[EXERCISE DATA Boundary: Start]

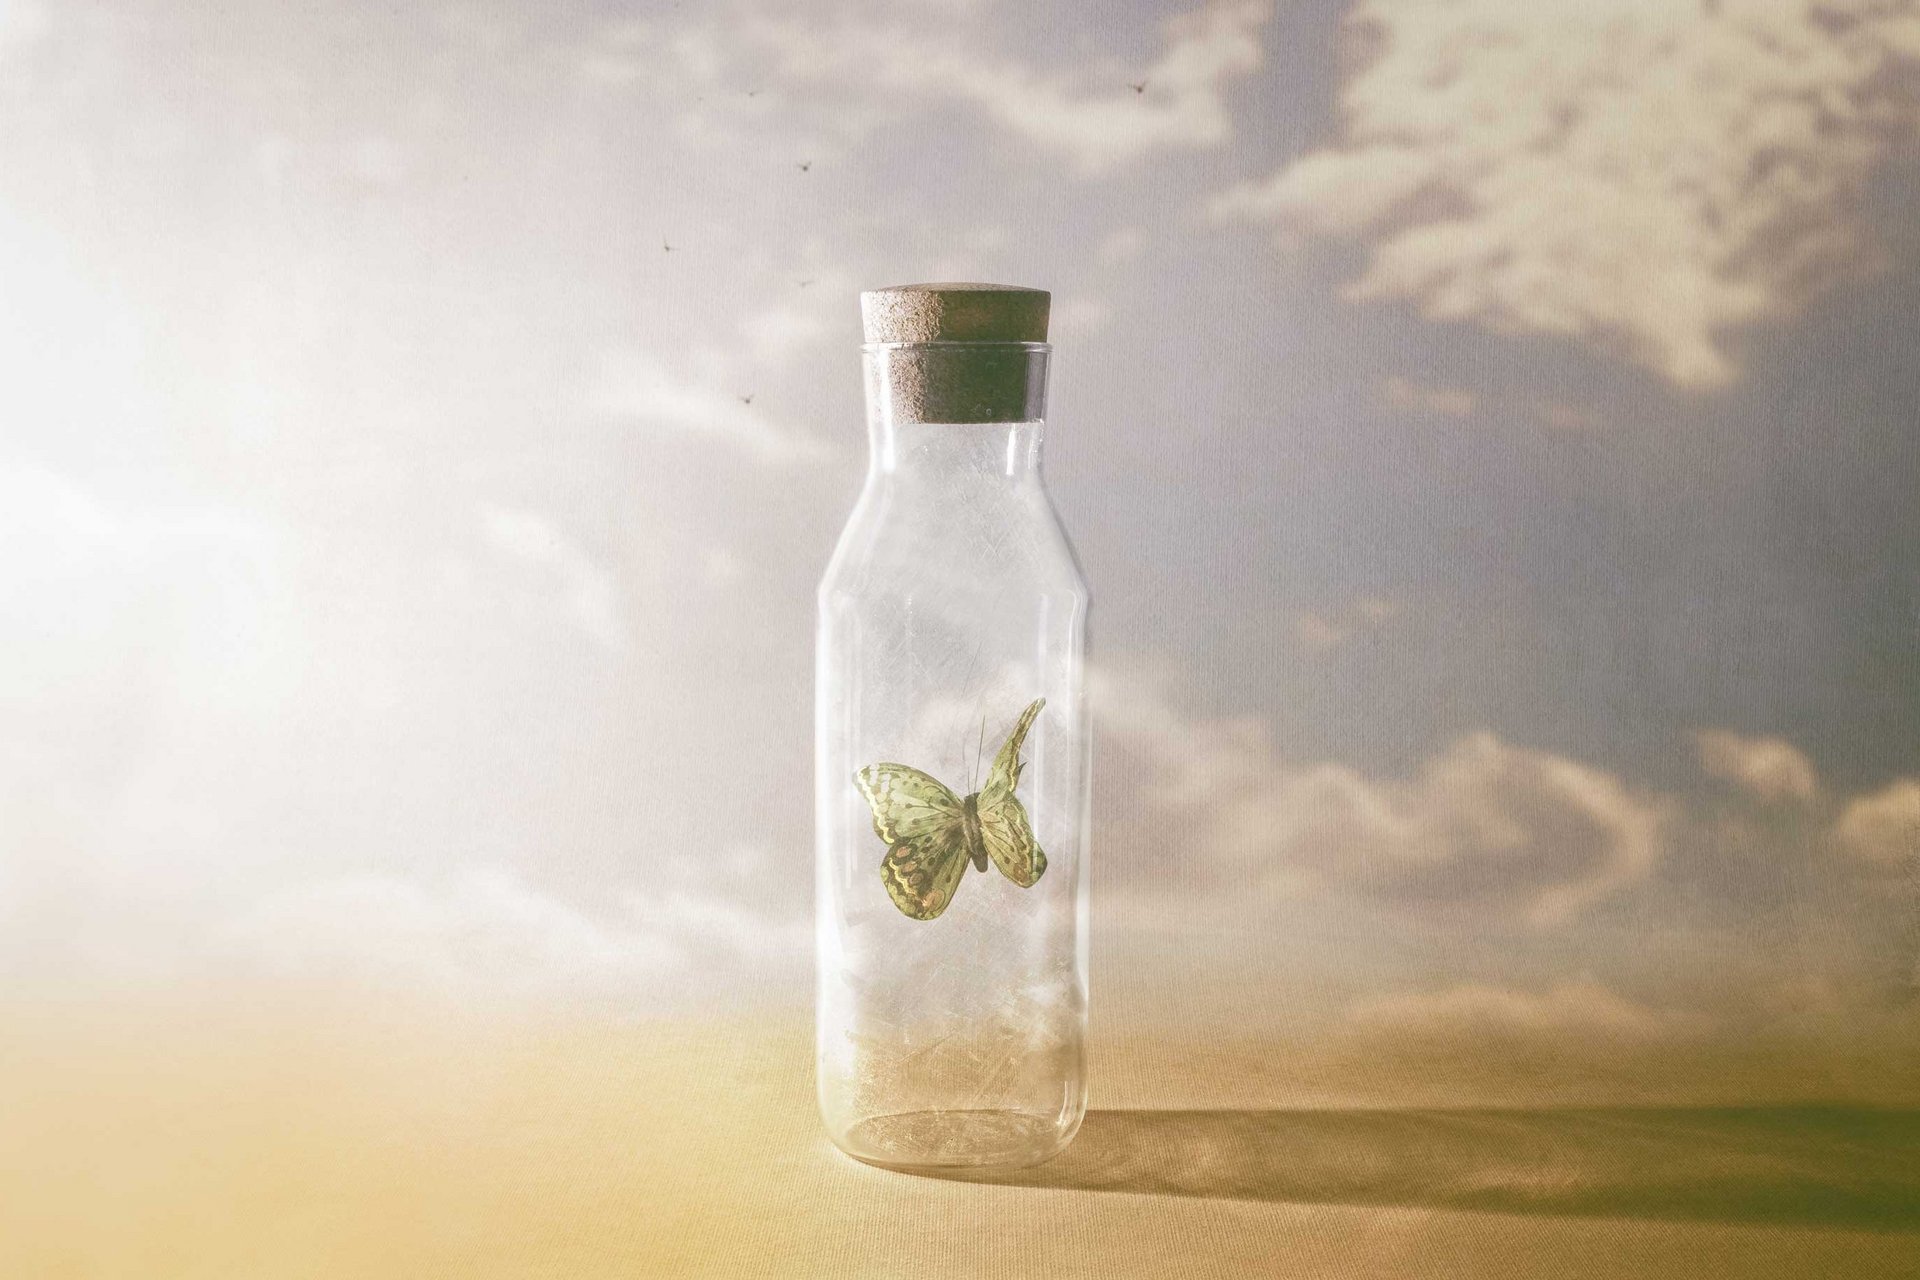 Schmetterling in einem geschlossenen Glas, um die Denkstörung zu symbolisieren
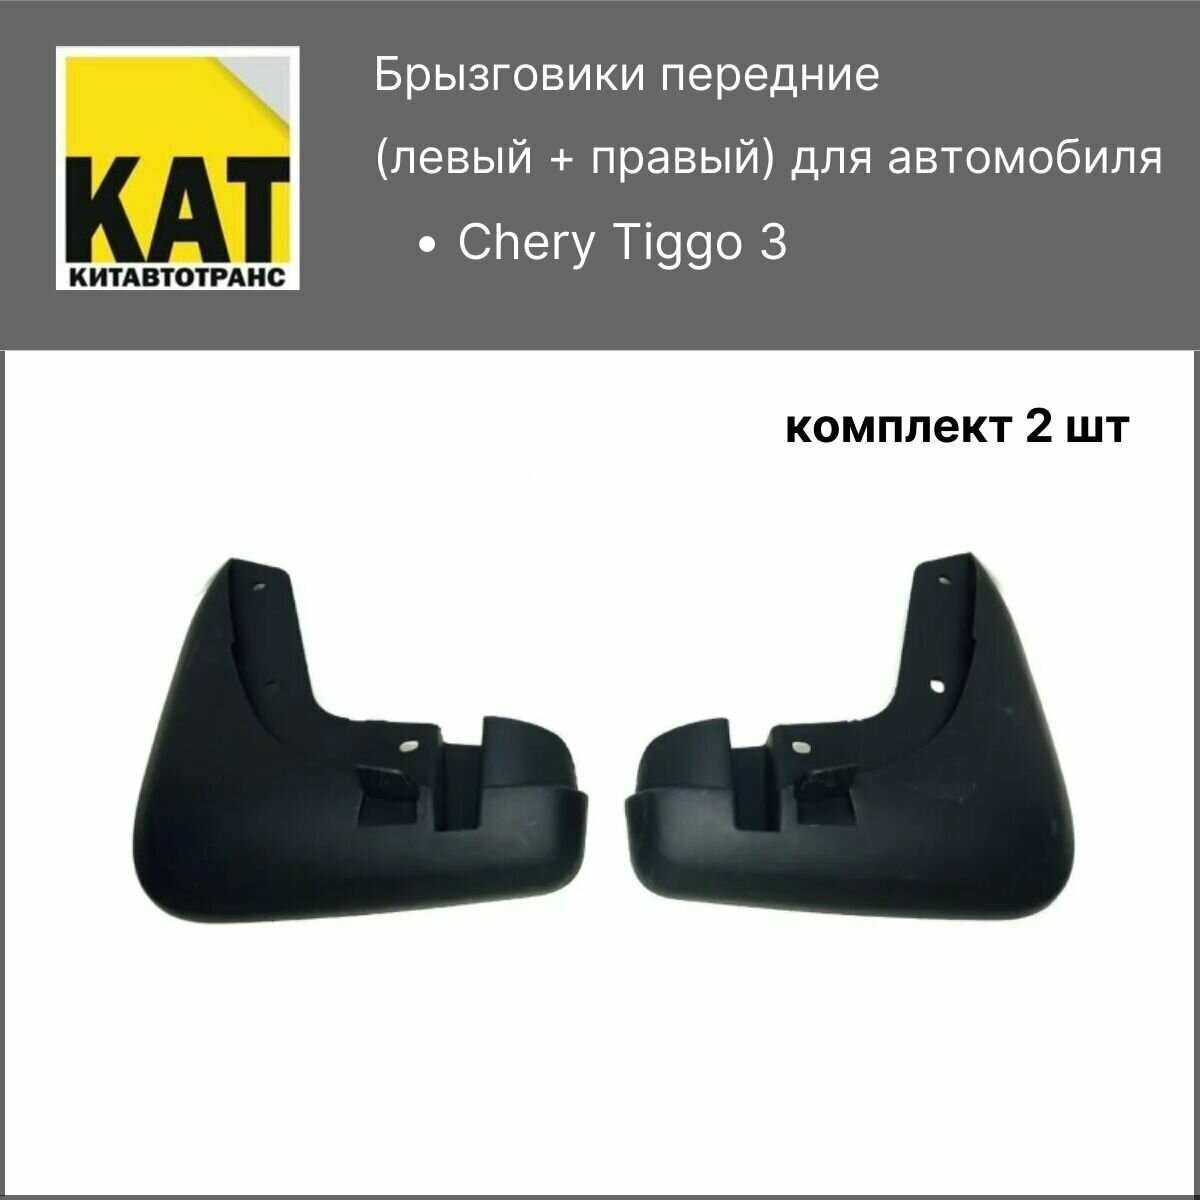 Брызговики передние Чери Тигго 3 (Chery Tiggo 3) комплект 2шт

[EXERCISE DATA Boundary: End]
[EXERCISE DATA Boundary: Start]

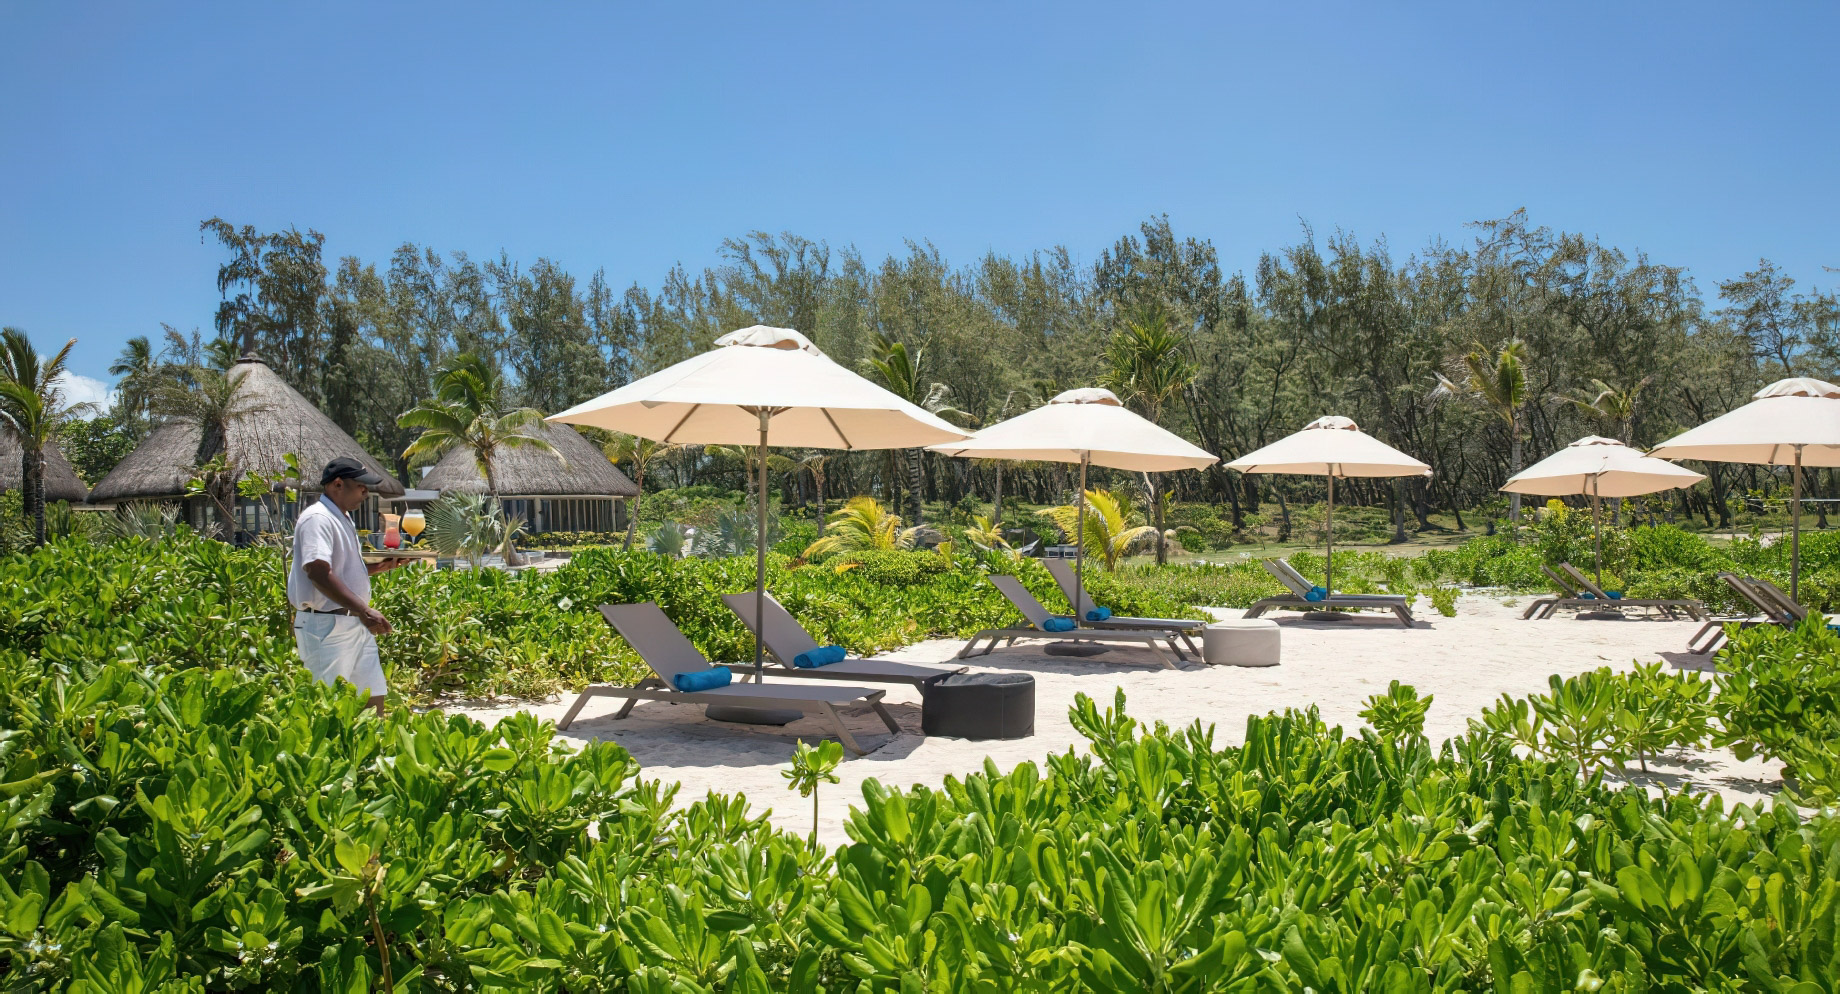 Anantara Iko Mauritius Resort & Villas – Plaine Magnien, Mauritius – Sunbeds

[EXERCISE DATA Boundary: End]
[EXERCISE DATA Boundary: Start]

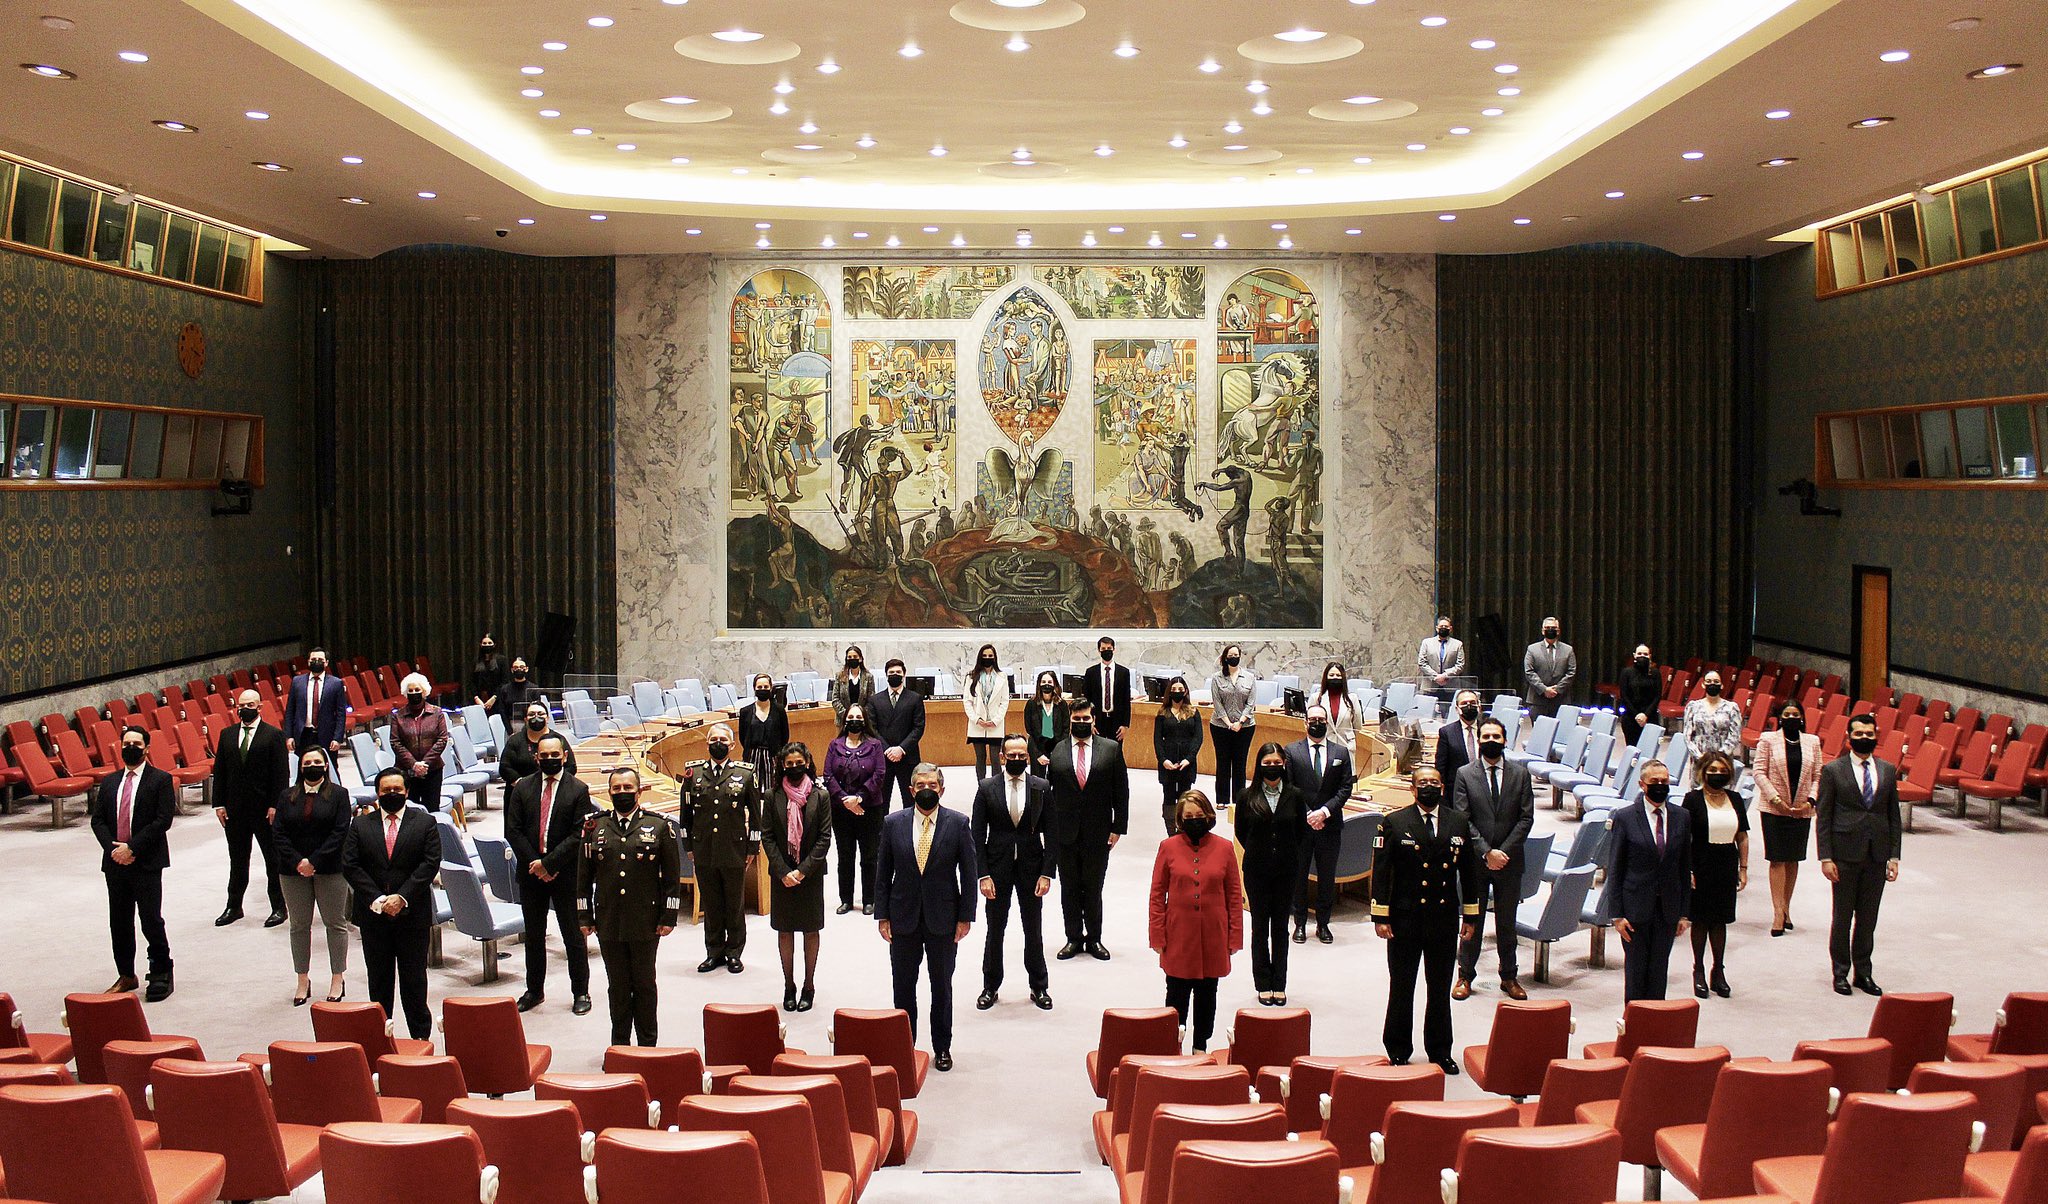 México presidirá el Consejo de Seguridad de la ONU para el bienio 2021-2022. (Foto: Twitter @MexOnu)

[EXERCISE DATA Boundary: End]

## INSTRUCTIONS TO FOLLOW
In the listing above, find the line containing "Schmetterling in einem" and the line containing "Брызговики передние Чери"; print those lines and every line between them exactly, leaving out pictures.

## ANSWER
 Schmetterling in einem geschlossenen Glas, um die Denkstörung zu symbolisieren
 Брызговики передние Чери Тигго 3 (Chery Tiggo 3) комплект 2шт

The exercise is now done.